What you need to do
Every record must come back exactly as given.

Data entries

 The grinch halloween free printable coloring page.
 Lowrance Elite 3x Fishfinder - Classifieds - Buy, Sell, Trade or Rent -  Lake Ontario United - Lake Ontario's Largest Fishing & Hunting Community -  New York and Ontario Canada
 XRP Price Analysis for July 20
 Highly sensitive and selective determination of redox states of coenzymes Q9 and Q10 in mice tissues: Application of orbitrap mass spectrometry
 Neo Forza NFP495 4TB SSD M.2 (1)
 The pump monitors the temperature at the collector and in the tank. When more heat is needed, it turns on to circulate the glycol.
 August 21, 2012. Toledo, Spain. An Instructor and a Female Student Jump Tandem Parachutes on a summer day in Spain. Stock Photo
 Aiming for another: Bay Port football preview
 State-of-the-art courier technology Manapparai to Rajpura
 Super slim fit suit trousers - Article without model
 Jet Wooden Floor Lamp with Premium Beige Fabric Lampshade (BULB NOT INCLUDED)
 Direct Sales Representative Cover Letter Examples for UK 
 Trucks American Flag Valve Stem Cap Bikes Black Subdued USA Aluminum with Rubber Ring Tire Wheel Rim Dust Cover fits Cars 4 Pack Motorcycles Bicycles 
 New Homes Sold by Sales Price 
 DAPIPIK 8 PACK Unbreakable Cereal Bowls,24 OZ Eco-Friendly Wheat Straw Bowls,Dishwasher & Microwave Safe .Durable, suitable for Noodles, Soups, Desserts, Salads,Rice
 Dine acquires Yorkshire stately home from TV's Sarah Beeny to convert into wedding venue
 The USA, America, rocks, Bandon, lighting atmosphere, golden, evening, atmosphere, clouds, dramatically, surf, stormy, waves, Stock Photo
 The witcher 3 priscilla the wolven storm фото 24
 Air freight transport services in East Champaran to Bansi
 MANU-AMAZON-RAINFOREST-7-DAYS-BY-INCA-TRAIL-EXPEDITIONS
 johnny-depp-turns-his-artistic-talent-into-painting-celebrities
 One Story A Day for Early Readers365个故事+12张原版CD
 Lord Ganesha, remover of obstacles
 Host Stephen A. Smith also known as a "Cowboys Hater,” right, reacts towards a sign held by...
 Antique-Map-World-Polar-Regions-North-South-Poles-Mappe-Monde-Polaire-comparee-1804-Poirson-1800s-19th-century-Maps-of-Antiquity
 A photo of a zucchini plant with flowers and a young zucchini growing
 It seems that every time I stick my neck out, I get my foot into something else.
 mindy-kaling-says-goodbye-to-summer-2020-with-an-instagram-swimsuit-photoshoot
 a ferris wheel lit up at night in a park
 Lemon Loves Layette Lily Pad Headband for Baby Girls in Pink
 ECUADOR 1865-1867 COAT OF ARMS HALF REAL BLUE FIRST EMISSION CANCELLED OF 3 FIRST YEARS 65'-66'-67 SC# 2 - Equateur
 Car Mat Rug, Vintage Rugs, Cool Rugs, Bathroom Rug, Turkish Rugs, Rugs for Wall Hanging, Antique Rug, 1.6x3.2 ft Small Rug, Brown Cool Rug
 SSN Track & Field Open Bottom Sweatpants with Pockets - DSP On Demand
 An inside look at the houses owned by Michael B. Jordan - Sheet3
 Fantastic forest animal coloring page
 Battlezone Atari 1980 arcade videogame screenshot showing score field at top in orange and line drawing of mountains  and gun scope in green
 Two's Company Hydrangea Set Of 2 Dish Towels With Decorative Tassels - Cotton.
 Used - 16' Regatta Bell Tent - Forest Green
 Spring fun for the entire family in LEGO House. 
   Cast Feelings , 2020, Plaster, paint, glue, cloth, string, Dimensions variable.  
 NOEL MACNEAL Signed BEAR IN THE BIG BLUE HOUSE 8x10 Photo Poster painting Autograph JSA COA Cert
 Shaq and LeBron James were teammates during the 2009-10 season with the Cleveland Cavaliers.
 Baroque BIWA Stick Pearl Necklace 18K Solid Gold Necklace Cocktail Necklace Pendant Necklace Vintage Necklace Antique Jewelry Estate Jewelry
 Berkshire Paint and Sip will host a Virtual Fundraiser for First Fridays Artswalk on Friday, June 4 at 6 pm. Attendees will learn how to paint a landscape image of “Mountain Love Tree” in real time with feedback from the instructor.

Response
 The grinch halloween free printable coloring page.
 Lowrance Elite 3x Fishfinder - Classifieds - Buy, Sell, Trade or Rent -  Lake Ontario United - Lake Ontario's Largest Fishing & Hunting Community -  New York and Ontario Canada
 XRP Price Analysis for July 20
 Highly sensitive and selective determination of redox states of coenzymes Q9 and Q10 in mice tissues: Application of orbitrap mass spectrometry
 Neo Forza NFP495 4TB SSD M.2 (1)
 The pump monitors the temperature at the collector and in the tank. When more heat is needed, it turns on to circulate the glycol.
 August 21, 2012. Toledo, Spain. An Instructor and a Female Student Jump Tandem Parachutes on a summer day in Spain. Stock Photo
 Aiming for another: Bay Port football preview
 State-of-the-art courier technology Manapparai to Rajpura
 Super slim fit suit trousers - Article without model
 Jet Wooden Floor Lamp with Premium Beige Fabric Lampshade (BULB NOT INCLUDED)
 Direct Sales Representative Cover Letter Examples for UK 
 Trucks American Flag Valve Stem Cap Bikes Black Subdued USA Aluminum with Rubber Ring Tire Wheel Rim Dust Cover fits Cars 4 Pack Motorcycles Bicycles 
 New Homes Sold by Sales Price 
 DAPIPIK 8 PACK Unbreakable Cereal Bowls,24 OZ Eco-Friendly Wheat Straw Bowls,Dishwasher & Microwave Safe .Durable, suitable for Noodles, Soups, Desserts, Salads,Rice
 Dine acquires Yorkshire stately home from TV's Sarah Beeny to convert into wedding venue
 The USA, America, rocks, Bandon, lighting atmosphere, golden, evening, atmosphere, clouds, dramatically, surf, stormy, waves, Stock Photo
 The witcher 3 priscilla the wolven storm фото 24
 Air freight transport services in East Champaran to Bansi
 MANU-AMAZON-RAINFOREST-7-DAYS-BY-INCA-TRAIL-EXPEDITIONS
 johnny-depp-turns-his-artistic-talent-into-painting-celebrities
 One Story A Day for Early Readers365个故事+12张原版CD
 Lord Ganesha, remover of obstacles
 Host Stephen A. Smith also known as a "Cowboys Hater,” right, reacts towards a sign held by...
 Antique-Map-World-Polar-Regions-North-South-Poles-Mappe-Monde-Polaire-comparee-1804-Poirson-1800s-19th-century-Maps-of-Antiquity
 A photo of a zucchini plant with flowers and a young zucchini growing
 It seems that every time I stick my neck out, I get my foot into something else.
 mindy-kaling-says-goodbye-to-summer-2020-with-an-instagram-swimsuit-photoshoot
 a ferris wheel lit up at night in a park
 Lemon Loves Layette Lily Pad Headband for Baby Girls in Pink
 ECUADOR 1865-1867 COAT OF ARMS HALF REAL BLUE FIRST EMISSION CANCELLED OF 3 FIRST YEARS 65'-66'-67 SC# 2 - Equateur
 Car Mat Rug, Vintage Rugs, Cool Rugs, Bathroom Rug, Turkish Rugs, Rugs for Wall Hanging, Antique Rug, 1.6x3.2 ft Small Rug, Brown Cool Rug
 SSN Track & Field Open Bottom Sweatpants with Pockets - DSP On Demand
 An inside look at the houses owned by Michael B. Jordan - Sheet3
 Fantastic forest animal coloring page
 Battlezone Atari 1980 arcade videogame screenshot showing score field at top in orange and line drawing of mountains  and gun scope in green
 Two's Company Hydrangea Set Of 2 Dish Towels With Decorative Tassels - Cotton.
 Used - 16' Regatta Bell Tent - Forest Green
 Spring fun for the entire family in LEGO House. 
   Cast Feelings , 2020, Plaster, paint, glue, cloth, string, Dimensions variable.  
 NOEL MACNEAL Signed BEAR IN THE BIG BLUE HOUSE 8x10 Photo Poster painting Autograph JSA COA Cert
 Shaq and LeBron James were teammates during the 2009-10 season with the Cleveland Cavaliers.
 Baroque BIWA Stick Pearl Necklace 18K Solid Gold Necklace Cocktail Necklace Pendant Necklace Vintage Necklace Antique Jewelry Estate Jewelry
 Berkshire Paint and Sip will host a Virtual Fundraiser for First Fridays Artswalk on Friday, June 4 at 6 pm. Attendees will learn how to paint a landscape image of “Mountain Love Tree” in real time with feedback from the instructor.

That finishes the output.